Details: there are no visible problems/constraints regarding this scenario. Inheritance behavses normally: all subclasses are inheritting properties/nodes from their parent classes.

Constraint: the parent node under which the subtree of these classes is hosted must be generic enough to support different node types (f.e. nt:unstructured).

3/ Implicit/Explicit polymorphic queries

As Marcel Reutegger (Jackrabbit committer) pointed: according to section 
6.6.3.2 of the JCR spec:

A type constraint specifies the common primary node type of the returned
nodes, plus, possibly, additional mixin types that they also must have.
Type constraints are inheritance-sensitive in that specifying a
constraint of node type X will include all nodes explicitly declared to
be type X, as well as all nodes of subtypes of X.

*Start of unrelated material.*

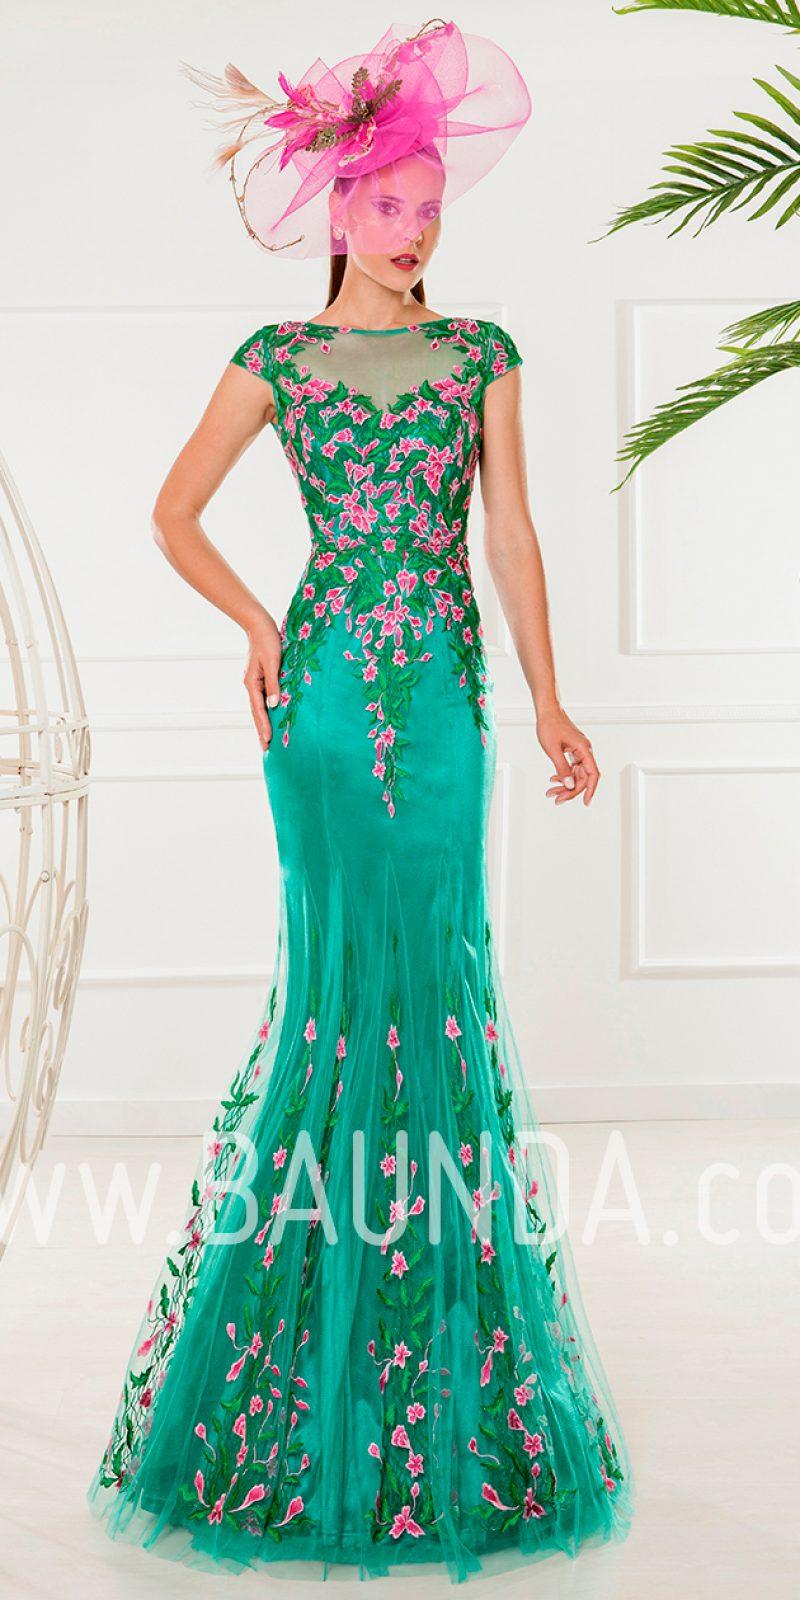 Baunda Vestido de madrina 2018 XM 4871 verde Baunda Madrid y tienda ...

Translating this in Java hierarchies:

when searching for an object type X, than the query will return by default all nodes of type X or any subtype of X.


For the "node per class hierarchy" strategy this will use the discriminator property value to instantiate the correct subtypes of X. Without the discriminator property, there is no possible solution to identify the correct subtype of X to be instantiated.

For the "node per subclass" strategy this will use the union of all node types corresponding to the X and all its subclasses.

Note: the same strategy can be applied to search using interfaces.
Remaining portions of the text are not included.